In the process blocks 3510 and 3511, each material piece is identified/classified based on the sensed/detected features. For example, the process block 3510 may be configured with a neural network employing one or more algorithms, which compare the extracted features with those stored in a previously generated knowledge base (e.g., generated during a training stage), and assigns the classification with the highest match to each of the material pieces based on such a comparison. The algorithms may process the captured information/data in a hierarchical manner by using automatically trained filters. The filter responses are then successfully combined in the next levels of the algorithms until a probability is obtained in the final step. In the process block 3511, these probabilities may be used for each of the N classifications to decide into which of the N sorting receptacles the respective material pieces should be sorted. For example, each of the N classifications may be assigned to one sorting receptacle, and the material piece under consideration is sorted into that receptacle that corresponds to the classification returning the highest probability larger than a predefined threshold. Within embodiments of the present disclosure, such predefined thresholds may be preset by the user. A particular material piece may be sorted into an outlier receptacle (e.g., sorting receptacle 140) if none of the probabilities is larger than the predetermined threshold.
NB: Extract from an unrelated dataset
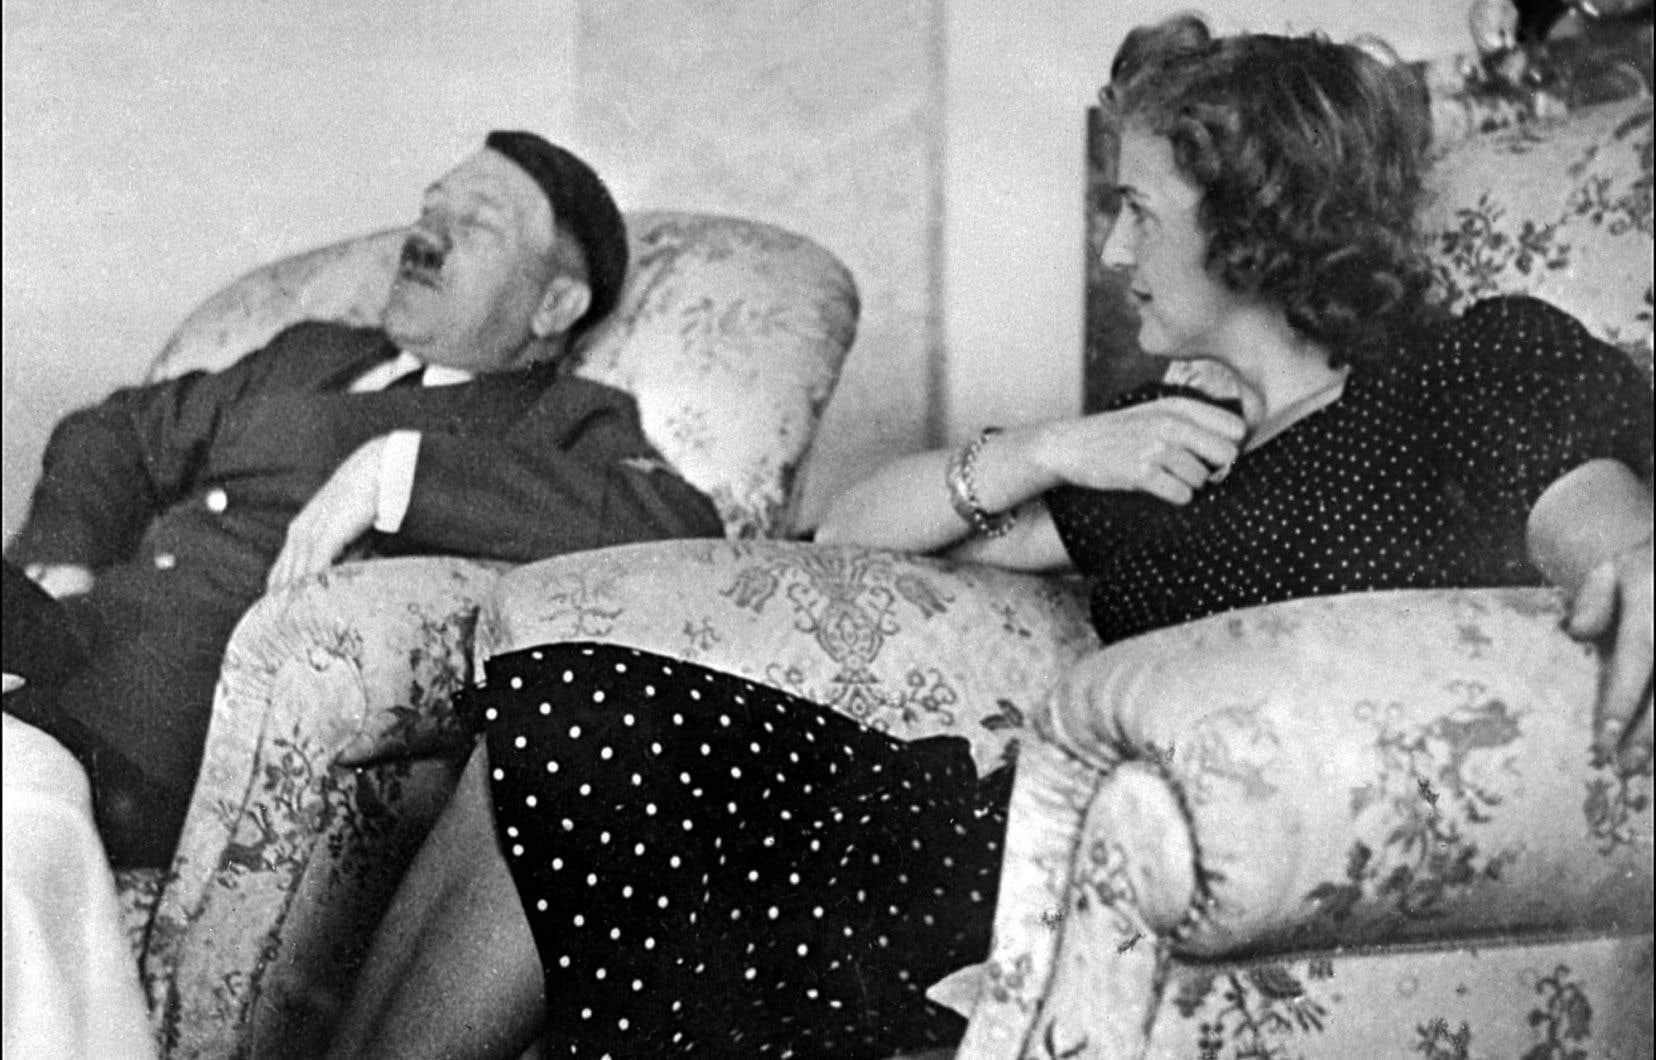 Complètement défoncé, en compagnie d'Eva Braun? Plus de 300 substances chimiques, dont une vingtaine de psychotropes, ont colonisé le corps d'Adolf Hitler dans les sombres années du IIIeReich.

Next, in the process block 3512, a sorting device corresponding to the classification, or classifications, of the material piece is activated (e.g., instructions sent to the sorting device to sort). Between the time at which the image of the material piece was captured and the time at which the sorting device is activated, the material piece has moved from the proximity of the vision system and/or sensor system(s) to a location downstream on the conveyor system (e.g., at the rate of conveying of a conveyor system). In embodiments of the present disclosure, the activation of the sorting device is timed such that as the material piece passes the sorting device mapped to the classification of the material piece, the sorting device is activated, and the material piece is diverted/ejected from the conveyor system into its associated sorting receptacle. Within embodiments of the present disclosure, the activation of a sorting device may be timed by a respective position detector that detects when a material piece is passing before the sorting device and sends a signal to enable the activation of the sorting device. In the process block 3513, the sorting receptacle corresponding to the sorting device that was activated receives the diverted/ejected material piece.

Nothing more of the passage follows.